*** Opening Supplied entries ***

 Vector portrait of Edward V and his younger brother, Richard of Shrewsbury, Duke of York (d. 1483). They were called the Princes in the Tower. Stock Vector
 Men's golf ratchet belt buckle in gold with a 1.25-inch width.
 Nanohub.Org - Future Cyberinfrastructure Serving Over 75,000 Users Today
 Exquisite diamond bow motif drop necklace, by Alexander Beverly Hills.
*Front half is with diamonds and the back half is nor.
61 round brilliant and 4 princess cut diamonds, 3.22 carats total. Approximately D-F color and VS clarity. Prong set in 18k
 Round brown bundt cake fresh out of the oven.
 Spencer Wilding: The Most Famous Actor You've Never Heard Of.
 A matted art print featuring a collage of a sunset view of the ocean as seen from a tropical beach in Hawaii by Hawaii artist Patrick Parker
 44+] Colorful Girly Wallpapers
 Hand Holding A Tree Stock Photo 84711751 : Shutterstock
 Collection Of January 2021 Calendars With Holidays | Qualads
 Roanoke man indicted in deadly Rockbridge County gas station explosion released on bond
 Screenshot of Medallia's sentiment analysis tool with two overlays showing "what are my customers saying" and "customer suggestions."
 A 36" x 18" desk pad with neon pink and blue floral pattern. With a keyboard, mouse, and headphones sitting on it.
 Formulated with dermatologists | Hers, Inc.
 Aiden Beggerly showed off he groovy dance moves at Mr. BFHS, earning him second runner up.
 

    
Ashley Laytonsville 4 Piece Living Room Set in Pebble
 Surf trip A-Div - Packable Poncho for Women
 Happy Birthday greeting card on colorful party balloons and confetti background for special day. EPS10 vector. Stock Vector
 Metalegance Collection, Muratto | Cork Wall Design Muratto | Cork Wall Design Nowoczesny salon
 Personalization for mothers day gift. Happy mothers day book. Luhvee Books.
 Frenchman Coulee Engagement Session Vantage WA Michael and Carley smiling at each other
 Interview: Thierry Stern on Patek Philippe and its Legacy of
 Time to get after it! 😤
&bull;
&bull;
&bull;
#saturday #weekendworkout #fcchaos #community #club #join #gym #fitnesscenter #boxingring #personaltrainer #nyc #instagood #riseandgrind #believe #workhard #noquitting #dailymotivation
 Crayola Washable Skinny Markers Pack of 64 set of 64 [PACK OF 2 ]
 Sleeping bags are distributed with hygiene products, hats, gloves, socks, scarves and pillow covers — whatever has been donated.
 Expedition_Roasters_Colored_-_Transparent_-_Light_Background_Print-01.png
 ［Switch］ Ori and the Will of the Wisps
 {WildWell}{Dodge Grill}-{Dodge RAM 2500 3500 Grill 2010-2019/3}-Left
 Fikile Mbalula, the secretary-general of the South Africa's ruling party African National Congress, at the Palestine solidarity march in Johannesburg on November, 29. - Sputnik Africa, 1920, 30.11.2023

*** Closing Supplied entries ***

> _Work order_
Copy each line of the listing that includes "Happy".

> _Solution for this problem_
 Happy Birthday greeting card on colorful party balloons and confetti background for special day. EPS10 vector. Stock Vector
 Personalization for mothers day gift. Happy mothers day book. Luhvee Books.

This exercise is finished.